DAZN vs. ESPN: Loaded With A-List Athletes—Canelo, Ronaldo, LeBron—The Billionaire-Backed Streaming Site Wants To Be The Worldwide Leader In Sports

The first Saturday in May is one of the biggest sports days of the year. In addition to the gambling-friendly Kentucky Derby, the date has been a target for boxing’s biggest pay-per-view stars over the past 15 years, thanks in part to the fact that its proximity to Cinco de Mayo helps it attract the sport’s avid Mexican fanbase. Tens of thousands of fans, including countless celebrities, descend on Las Vegas for it.

This year is no different as Mexico’s Canelo Alvarez squares off against American Daniel Jacobs in the T-Mobile Arena in Sin City. But missing from the action Saturday night are HBO and Showtime, the PPV homes for boxing’s biggest events of the past three decades.

Alvarez is by far the biggest PPV boxing star today. Over the past six years, he has racked up more than 8 million buys and $600 million in revenue fighting for HBO and Showtime. But his new home is the over-the-top (OTT) sports streaming service DAZN (pronounced “da-ZONE”). The video subscription business launched in Europe and Japan in 2016 before emigrating to the United States last fall when it signed Alvarez to an astronomical $365 million contract for 11 fights over the next five years. At the time it was the largest guaranteed contract in the history of sports (baseball’s Mike Trout has since surpassed the record with his $426.5 million deal in March).

Leading DAZN is former ESPN president John Skipper, who was hired last May to oversee the operations of DAZN’s parent company, Perform Group. “This was potentially a very big opportunity because of first-mover advantage,” Skipper says in his office at DAZN’s New York headquarters in the Financial District. “I think there is the possibility of building a company with a very significant value.”

Buying sports media rights and launching an OTT service are both wildly expensive and risky. Disney says it will lose $650 million each of the next two years on its version, ESPN+. The worldwide leader in sports hopes to attract 12 million subscribers by 2024, up from the current 2 million-plus. AT&T’s B/R Live is also a big player in the U.S., while just about every sports property from the WWE to UFC to NBA has its own OTT service.

DAZN is also bleeding red ink as it builds out its technology and snaps up rights. Its media rights bills are well over $1 billion annually. But Skipper, who negotiated several league deals at ESPN, expects new markets to be profitable after four to five years.

DAZN has built a sizable war chest, selling a minority stake to Japanese ad firm Dentsu in 2018 and unloading the business-to-business piece of DAZN Group last month to Vista Equity Partners. “We are not trying to raise our next round of $20 million,” Skipper says. The company’s main bankroll is Ukrainian-born Len Blavatnik, who is DAZN’s majority owner and is worth $18 billion.

“I met him at breakfast, and he asked me if I wanted to do this,” Skipper says. “That’s the benefit you can have as an entrepreneur of means.”

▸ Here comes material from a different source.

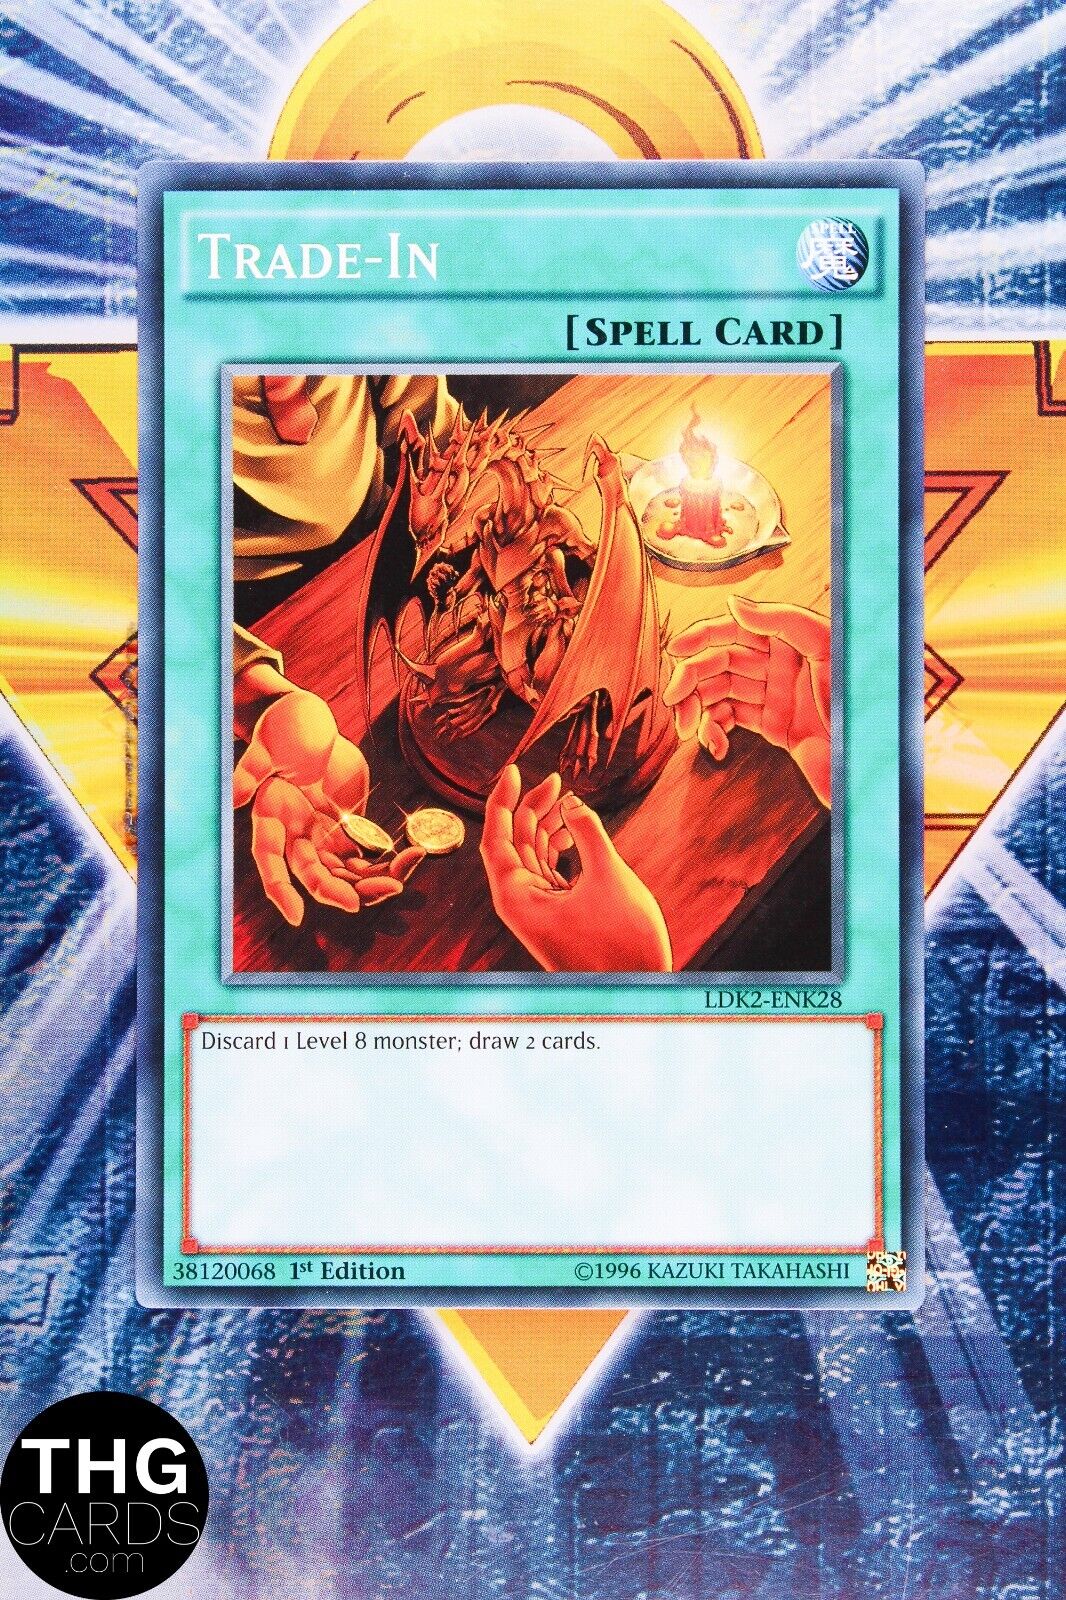 Trade-In LDK2-ENK28 1st Edition Common Yugioh Card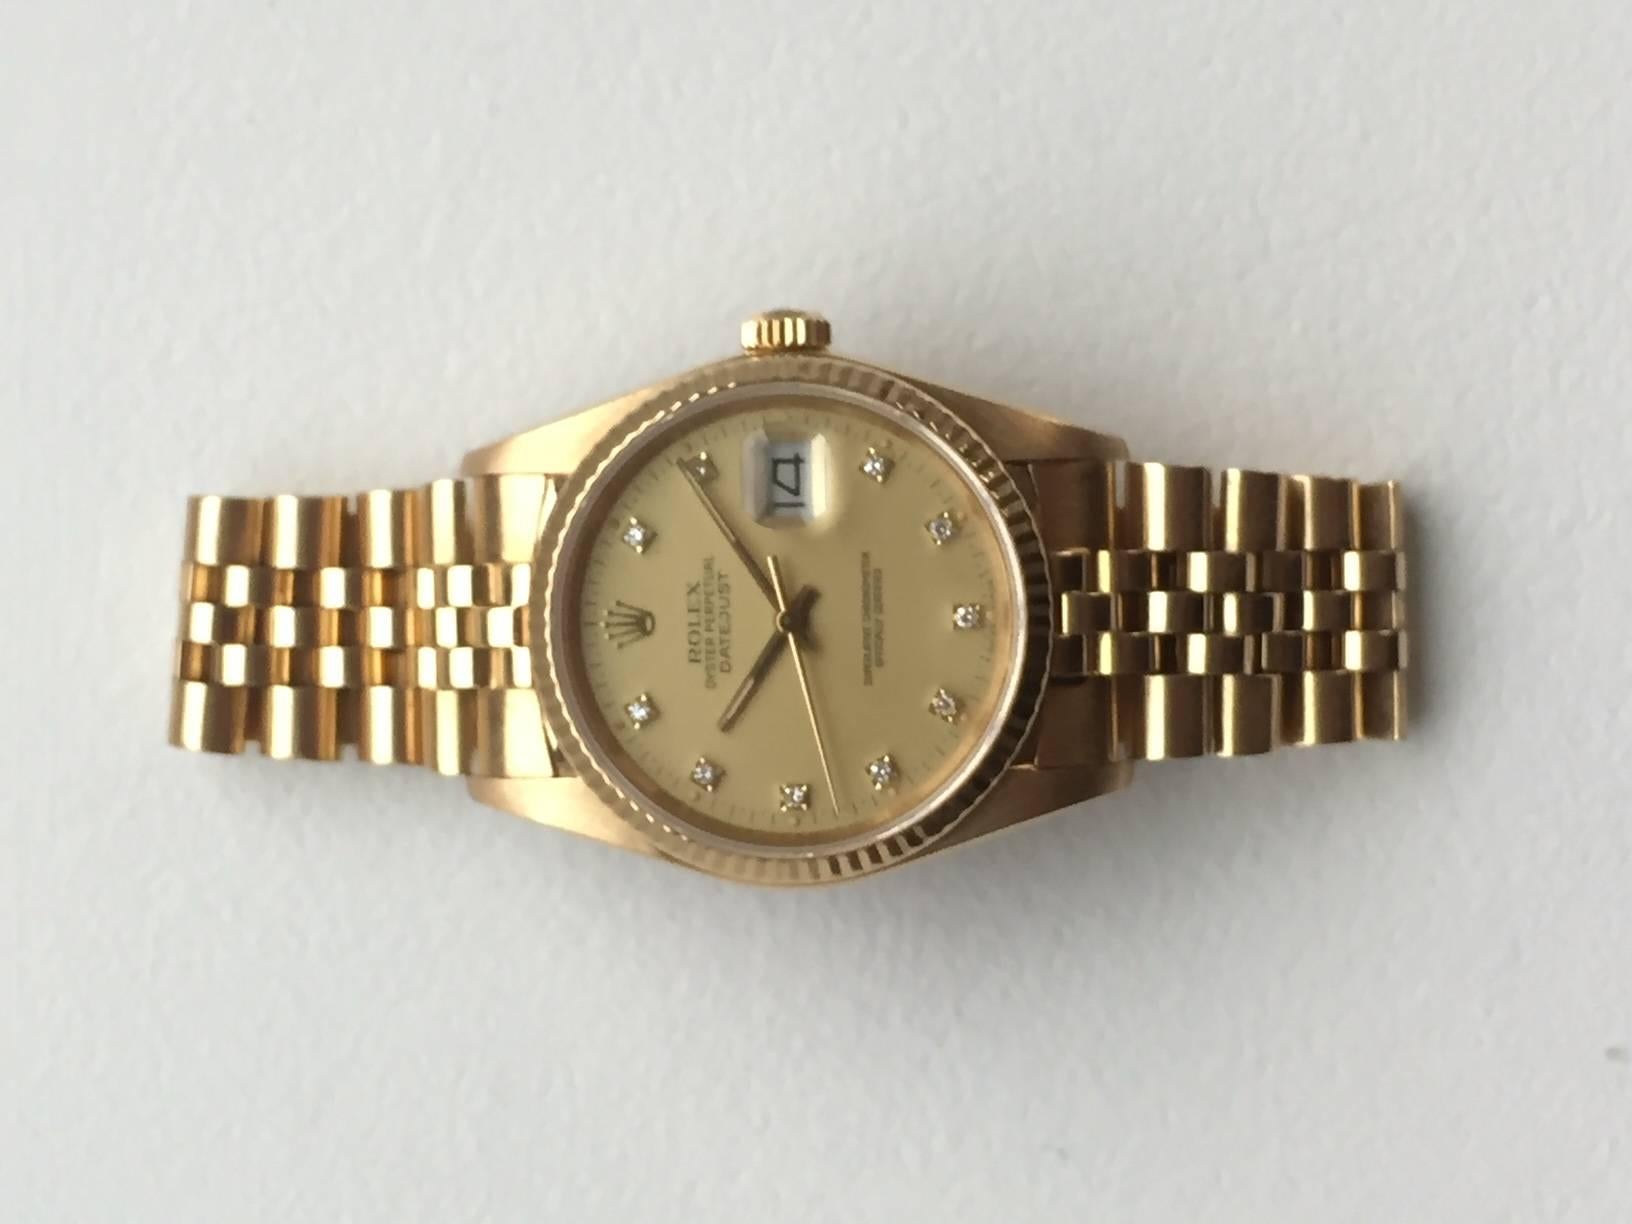 Rolex 18K Yellow Gold Oyster Perpetual Factory Diamond Dial Datejust Watch 1

Three years ago, the streaming service launched in Austria, Germany, Japan and Switzerland with an array of top-tier soccer programming—including England’s Premier League and Spain’s La Liga. It will add Brazil this month as its ninth country for subscribers. DAZN controls most of the important live rights to sports in Japan, as well as soccer league Serie A in Italy and Champions League in Germany. The Serie A rights got a boost last summer when global soccer icon Cristiano Ronaldo joined Turin-based Juventus F.C. DAZN added Ronaldo as its first global ambassador in August under a two-and-a-half-year partnership.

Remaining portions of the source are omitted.